Would you retype the whole listing verbatim, keeping pictures out of it?

COLLECTED MATERIAL:
▼▼▼

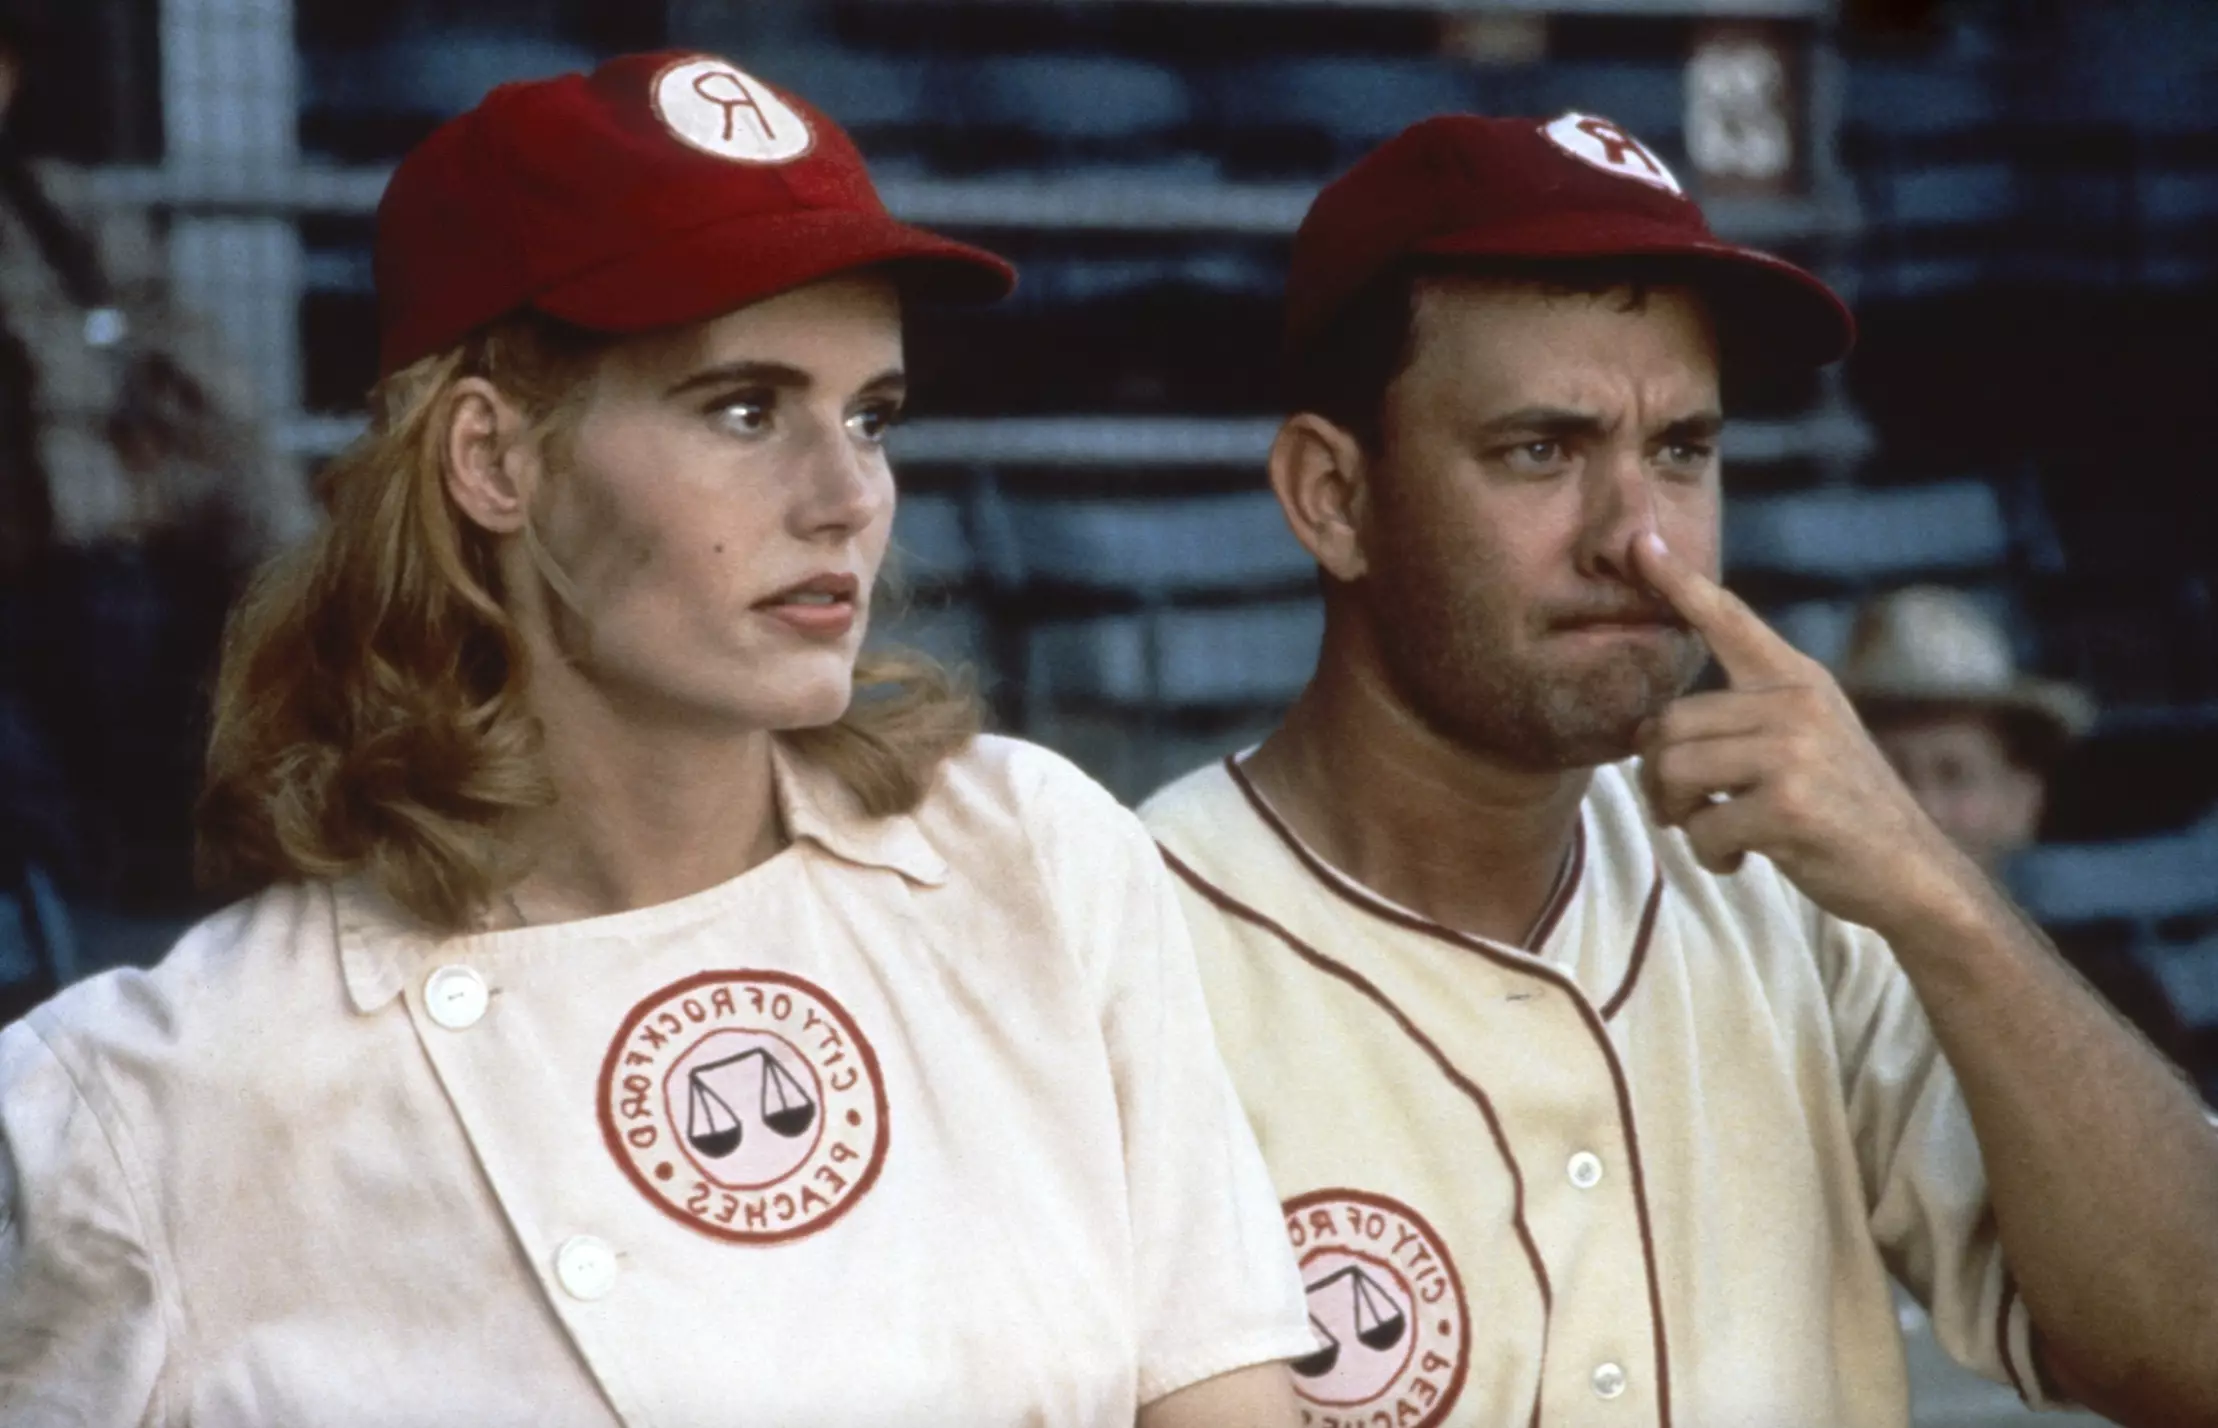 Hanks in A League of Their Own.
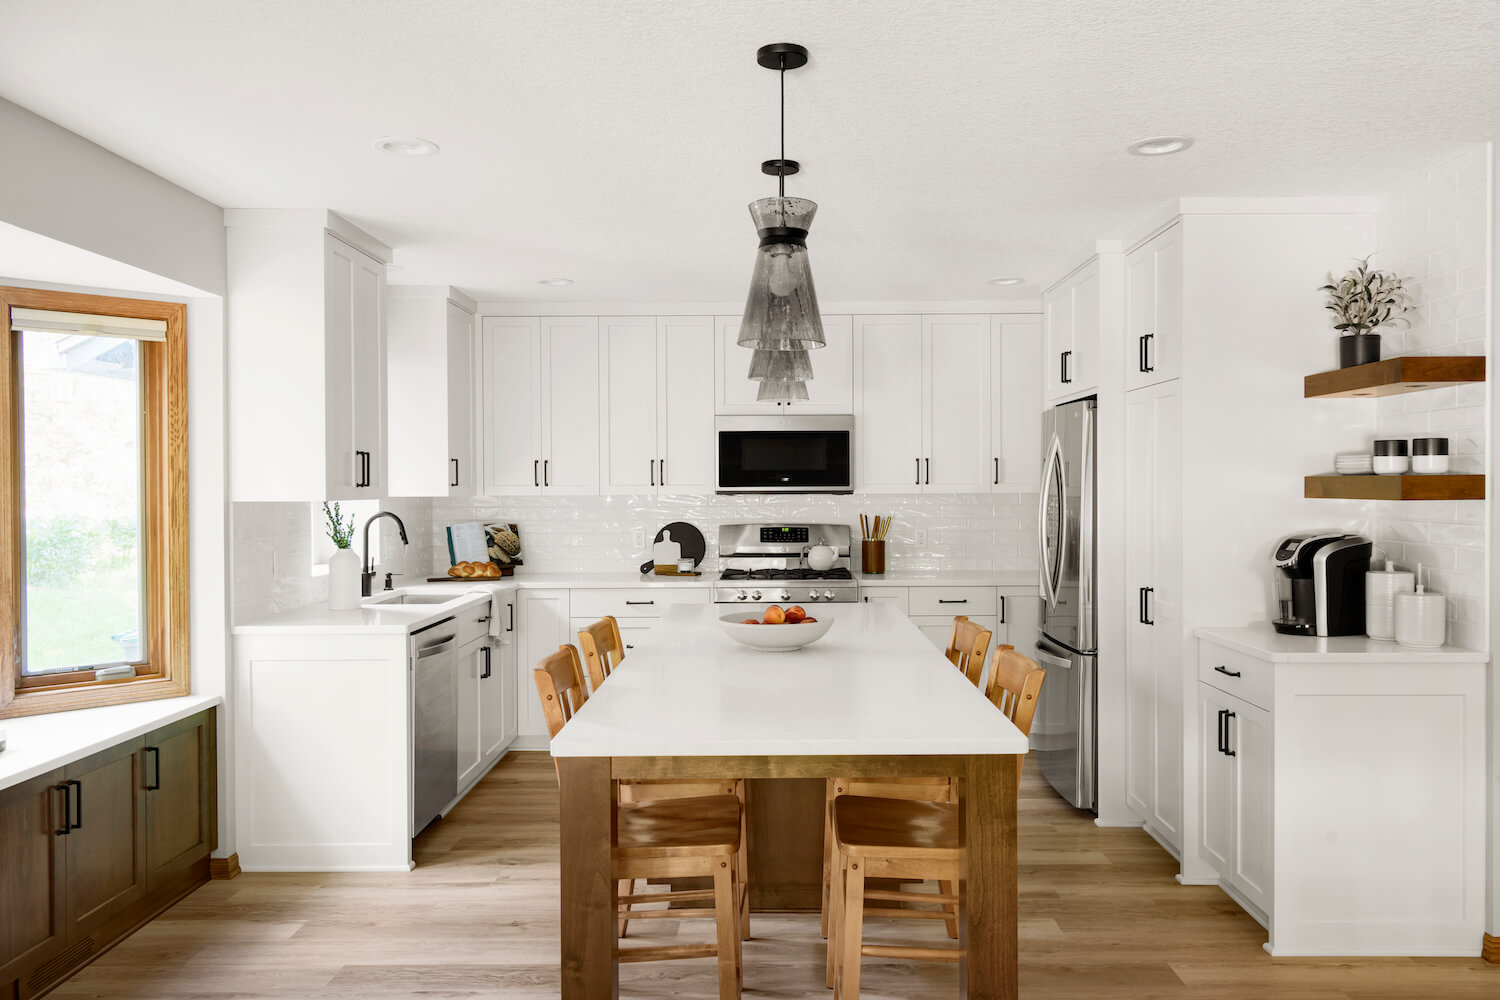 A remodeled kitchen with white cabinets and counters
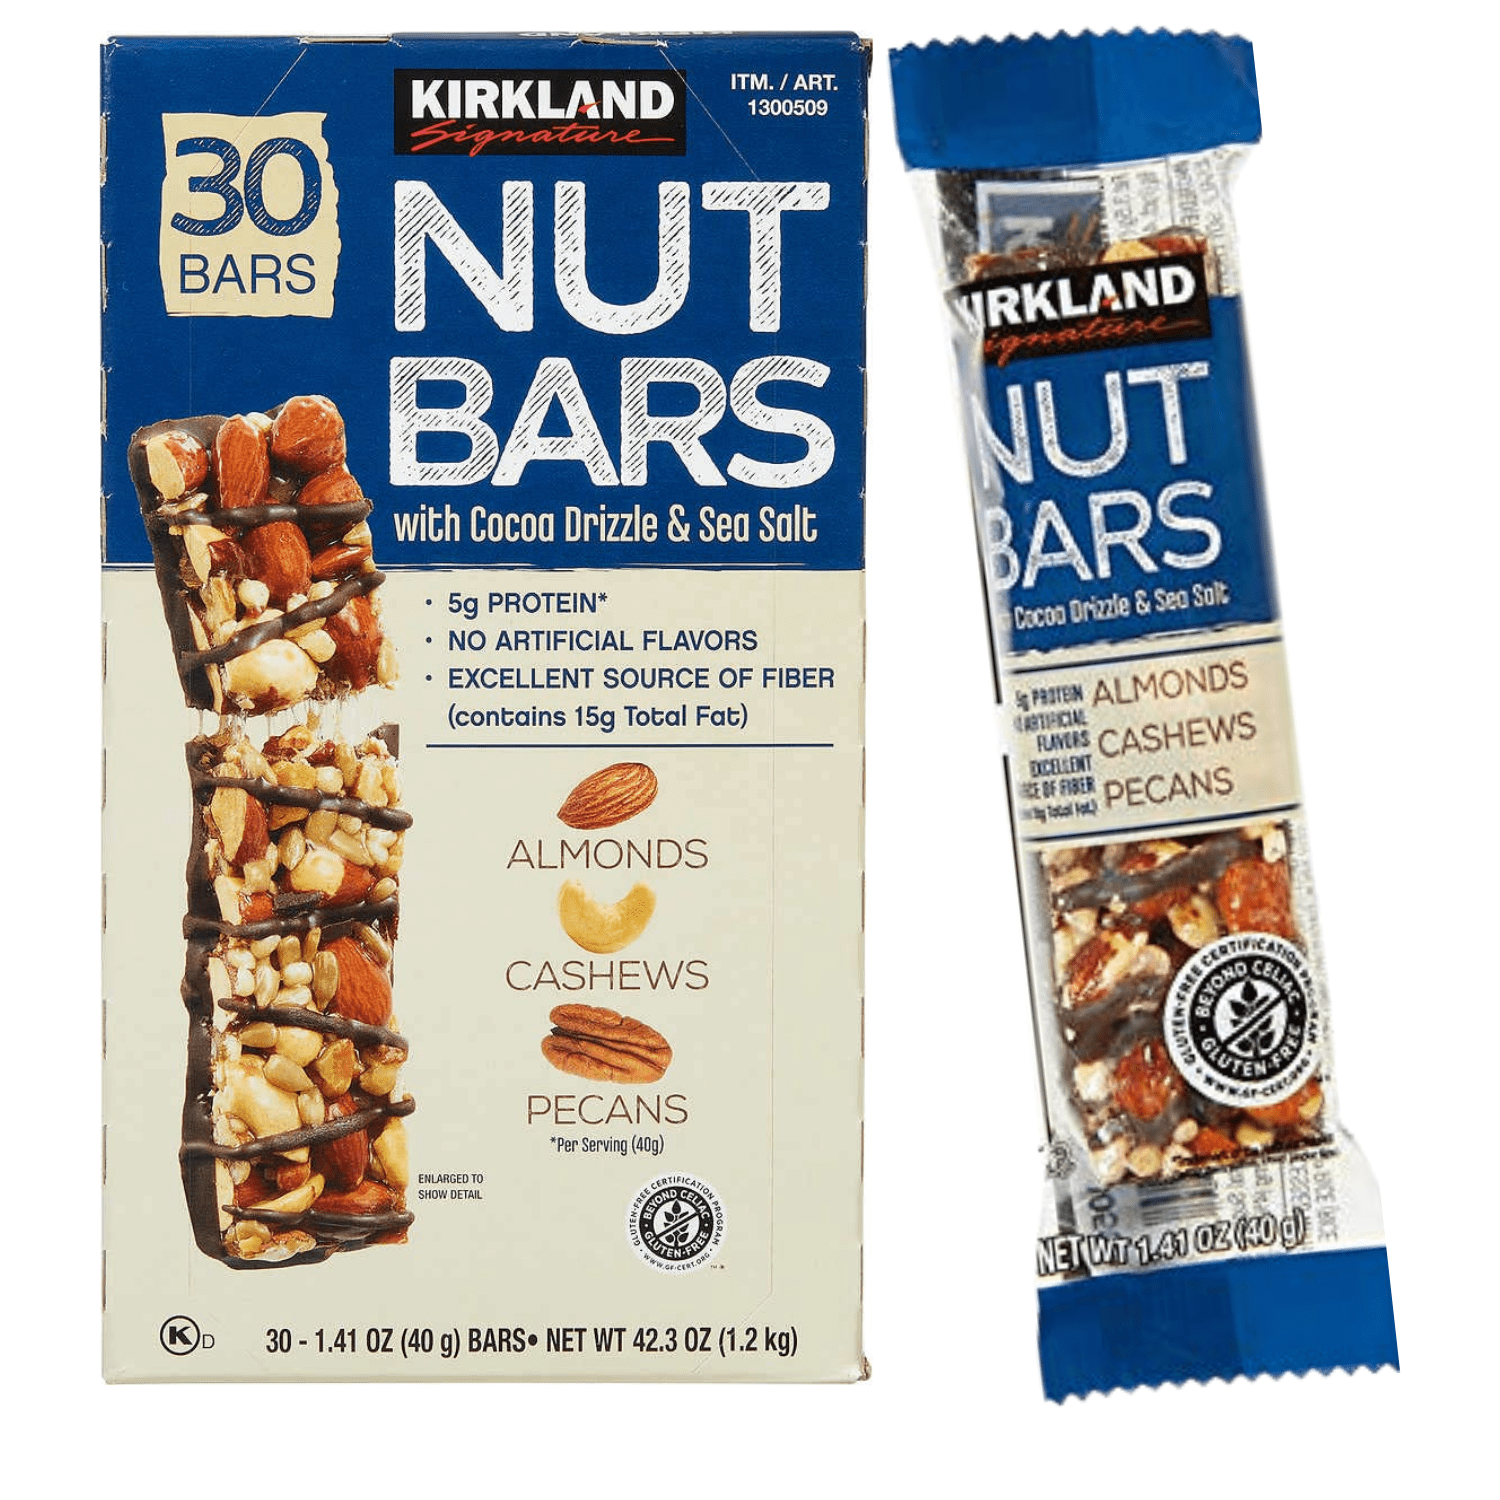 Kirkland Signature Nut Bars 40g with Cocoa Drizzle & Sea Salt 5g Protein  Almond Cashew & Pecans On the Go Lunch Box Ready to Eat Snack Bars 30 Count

▲▲▲

WRITTEN SOLUTION:
 Hanks in A League of Their Own.
 A remodeled kitchen with white cabinets and counters
 Kirkland Signature Nut Bars 40g with Cocoa Drizzle & Sea Salt 5g Protein  Almond Cashew & Pecans On the Go Lunch Box Ready to Eat Snack Bars 30 Count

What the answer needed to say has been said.